Mnie zazwyczaj dzień dwa wychodzą pozytywne a w tym cyklu chyba z 7 dni pod rzad dwie mocne krechy... ale w ogóle w tym cyklu jest inaczej... To trzeci cykl starań i po odstawieniu krążka Nuvaring. Nie znam swojego cyklu, ponieważ kilkanaście lat używałam antykoncepcji hormonalnej. Więc w pierwszym cyklu myślałam, że się udało miałam objawy, ale 7 dni od owulacji dostałam krwawienia. Siostra, która jest lekarzem mówiła ze mogło nie dojść do zagnieżdźenia zarodka. Cykl trwał 21 dni. W drugim cyklu owulacja tak samo jak w zegarku w pierwszym cyklu, ale już cykl 27 dniowy. A teraz trzeci cykl i żadnych objawów oprócz powiększenia obwódek sutków, dziwnej mocnej zgagi wieczorami, która sama przechodzi po poł h bez śladu i dość mocnego pieczenia i kłucia piersi wczoraj (7 dpo). Ale żadnego bólu brzucha, jajników, nic...w a poprzednich cyklach już miałam bóle i brzucha i jajników i krzyża... a tu głucho, ani zmęczenia, ani plamienia, ani bólu piersi nic... może któraś z Was tak miała? Dodam, że po owulacji było jeden dzień trochę śluzu, biały, lepki, kremowy, a potem susza, trochę przy szyjce tylko.
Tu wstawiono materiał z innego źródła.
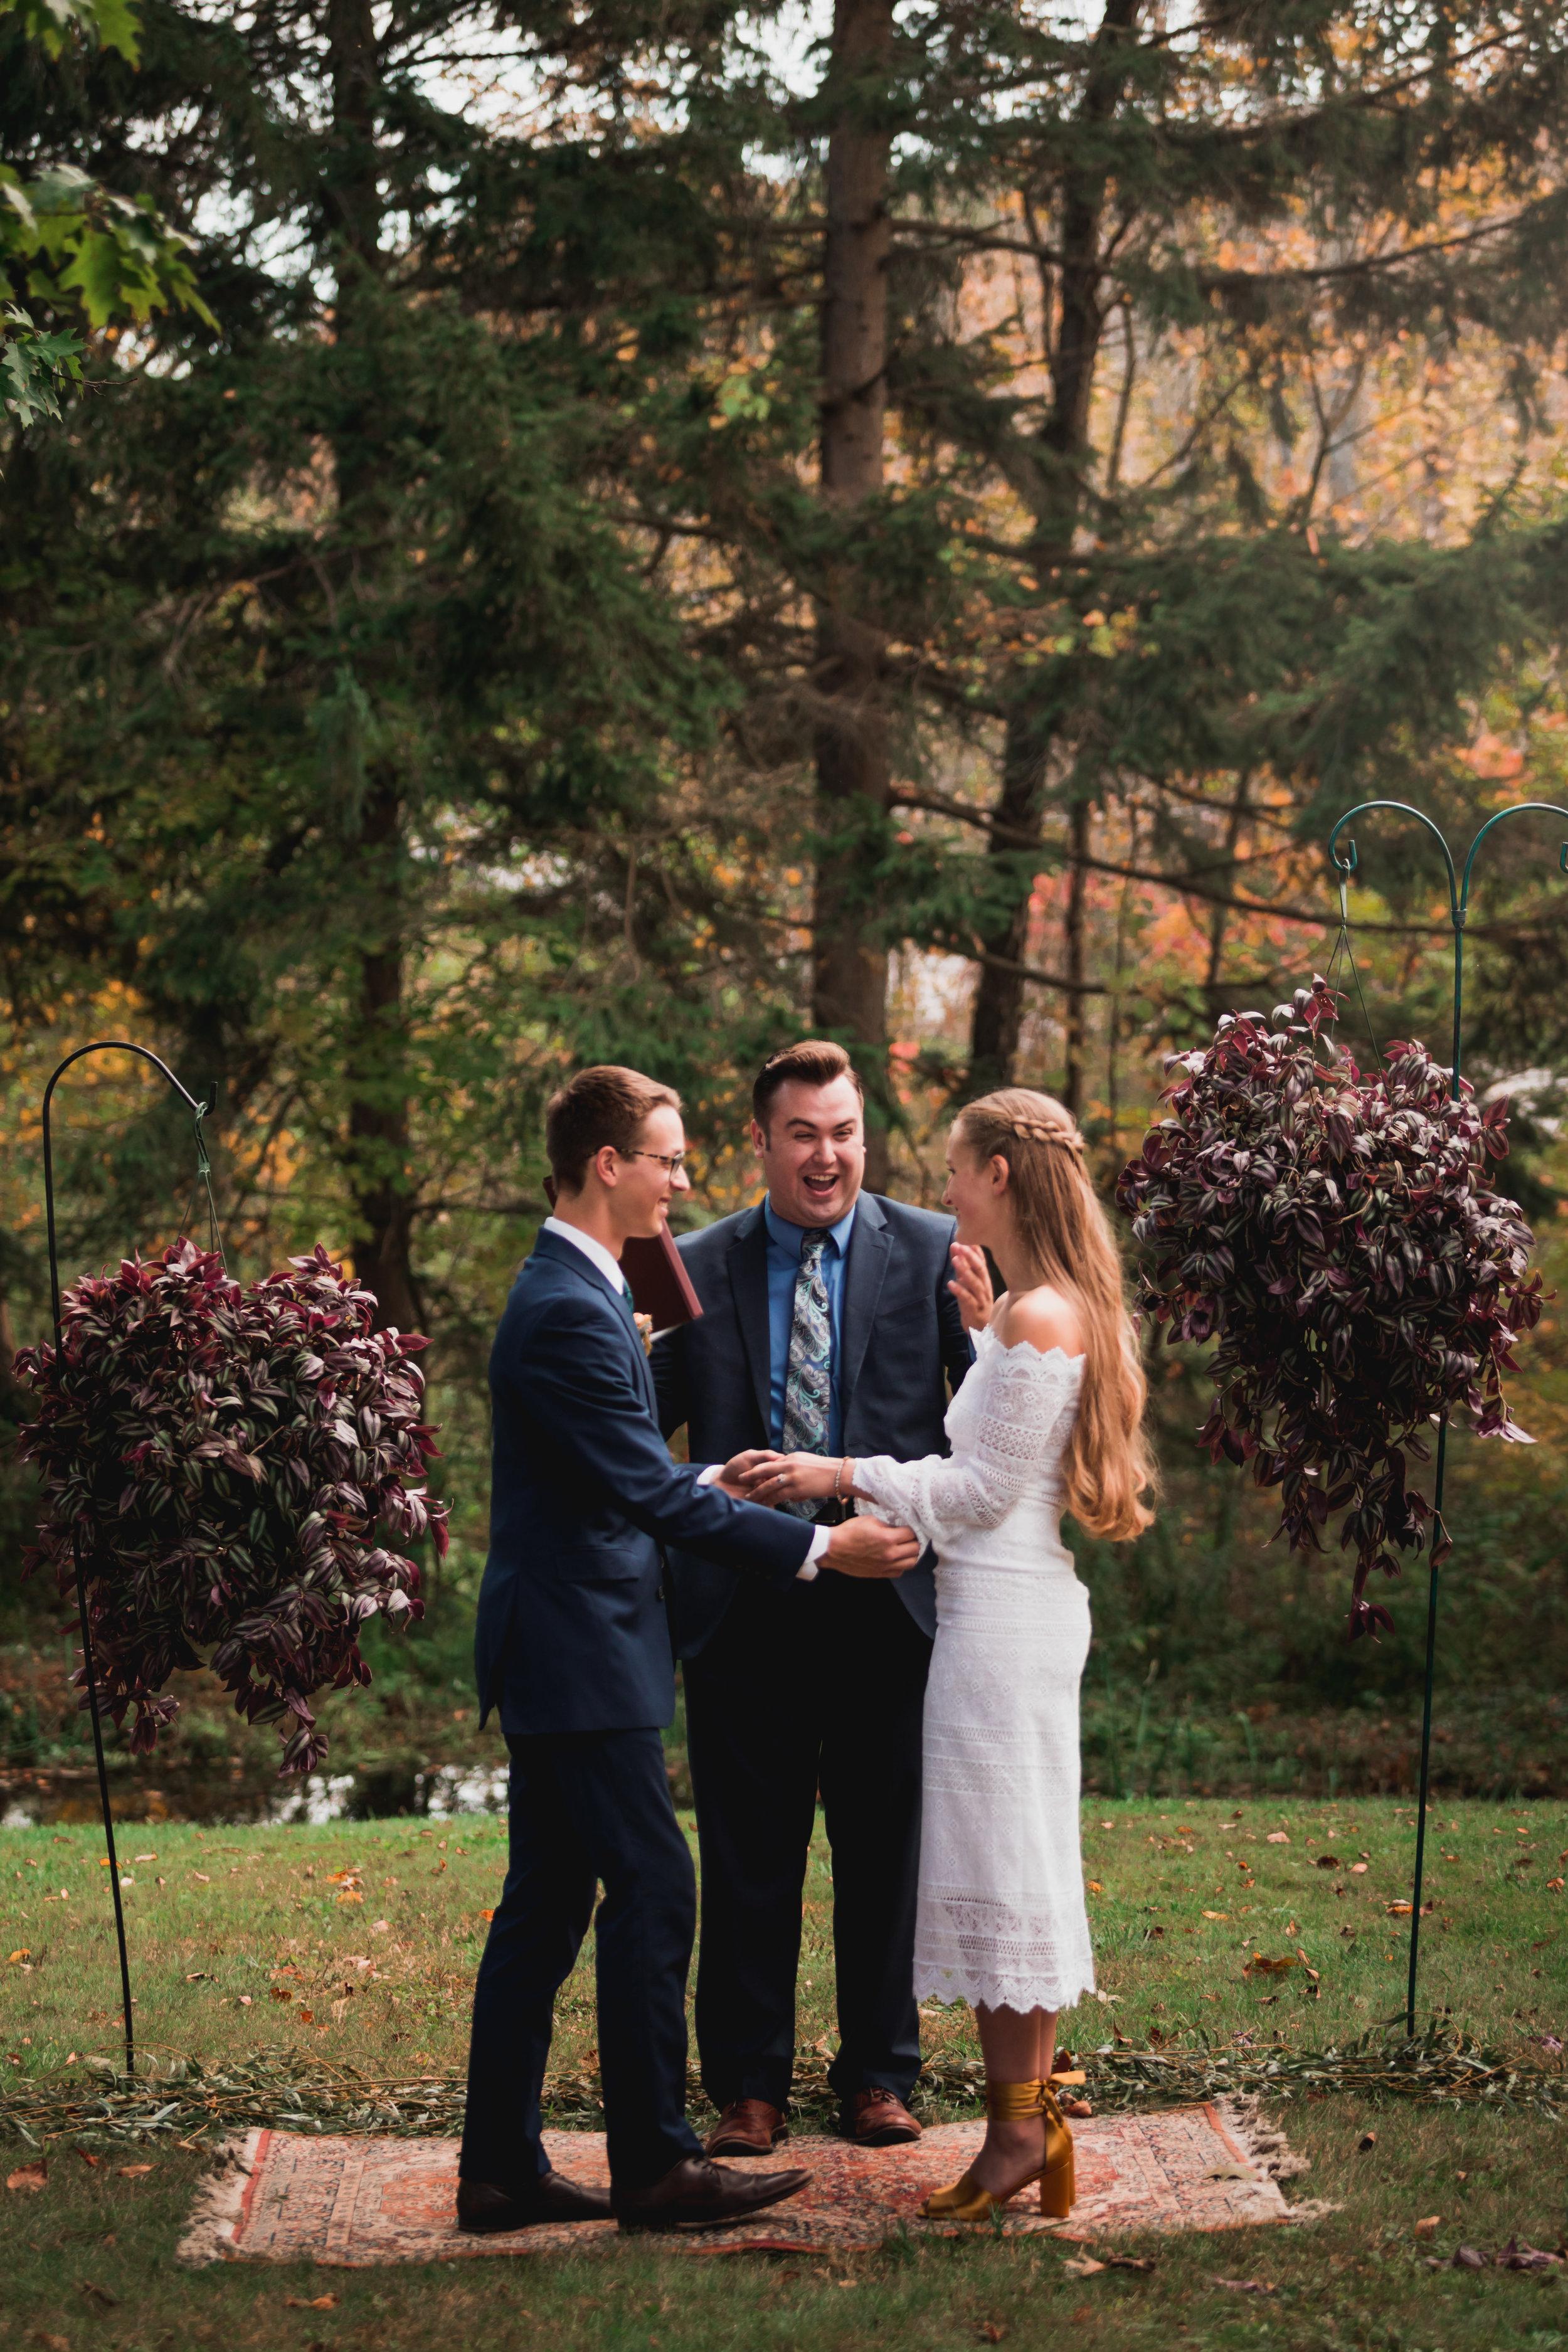 vild-photography-photographer-tahoe-intimate-wedding-adventure-van-abigail-47.jpg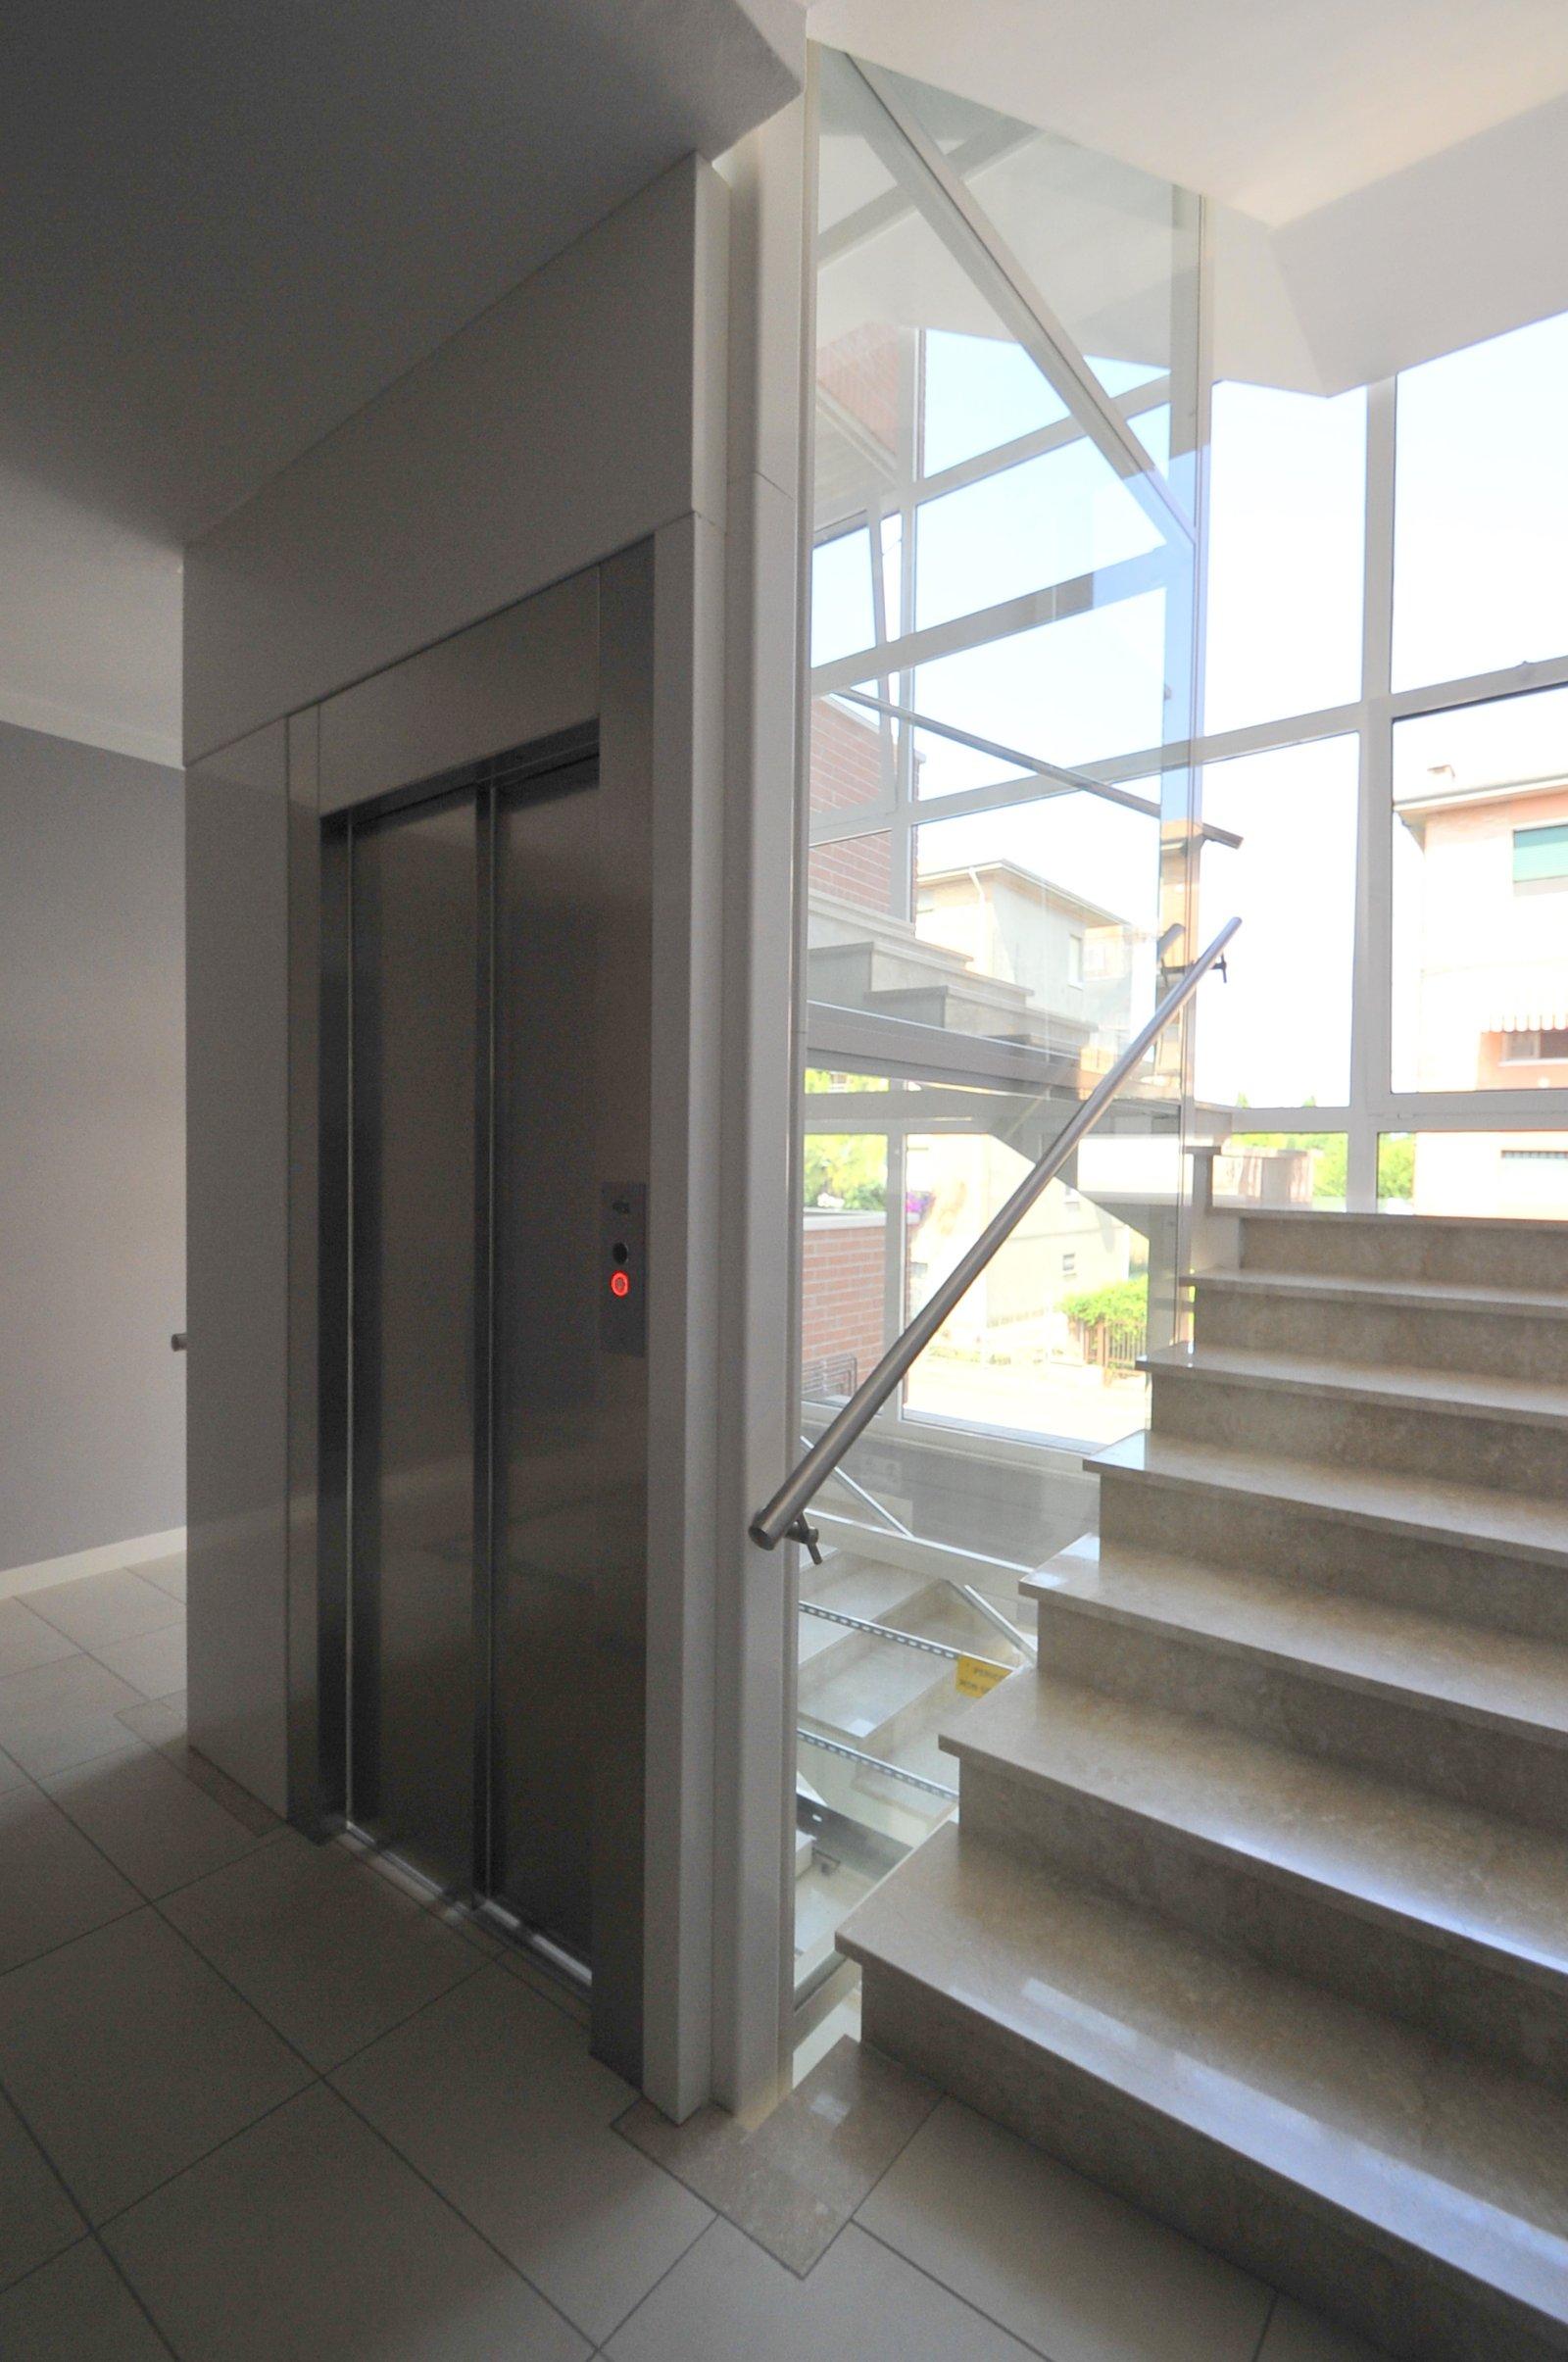 Installazione E Manutenzione Ascensori A Ferrara

A dziś wrażenie ze jest mokro... i szyjka bardzo wysoko nie moge jej dosięgnąć palcem... napiszcie coś na pociechę co? -
kama005 wrote:No właśnie niestety dzisiaj też jest jednak to plamienie Czy powinnam się zacząć martwić?
Wydaje mi się że to raczej dobry objaw jeśli plamienie jest skape i brazowe... cykle masz regularne czy jest możliwość, że to wcześniejsza miesiaczka? Przepraszam z góry, moje odpowiedzi są raczej intuicyjne, sa tu napewno bardziej doświadczone koleżanki, ale ja trzymam mocno kciuki za siebie i za Ciebie, za nas wszystkie, pozdrawiam ciepło... -
nick nieaktualnyOfka slyszalam ze testy owulacyjne moga wykazac ciaze jak po owulacji sa pozytywne ale nie wiem ile jest w tym prawdy. Co do szyjki to chyba w ciazy unosi sie tak wysoko. Odkad chce byc w ciazy czytam i czytam o tych wszystkuch objawach i wlasnie dziewczyny na niektorym forum pisaly ze jak e ciazy byly to im ta szyjka tak sie unosila. Ja badam szyjke i nigdy nie mialam jakod specjanie wysoko zawsze moge jej dosiegnac.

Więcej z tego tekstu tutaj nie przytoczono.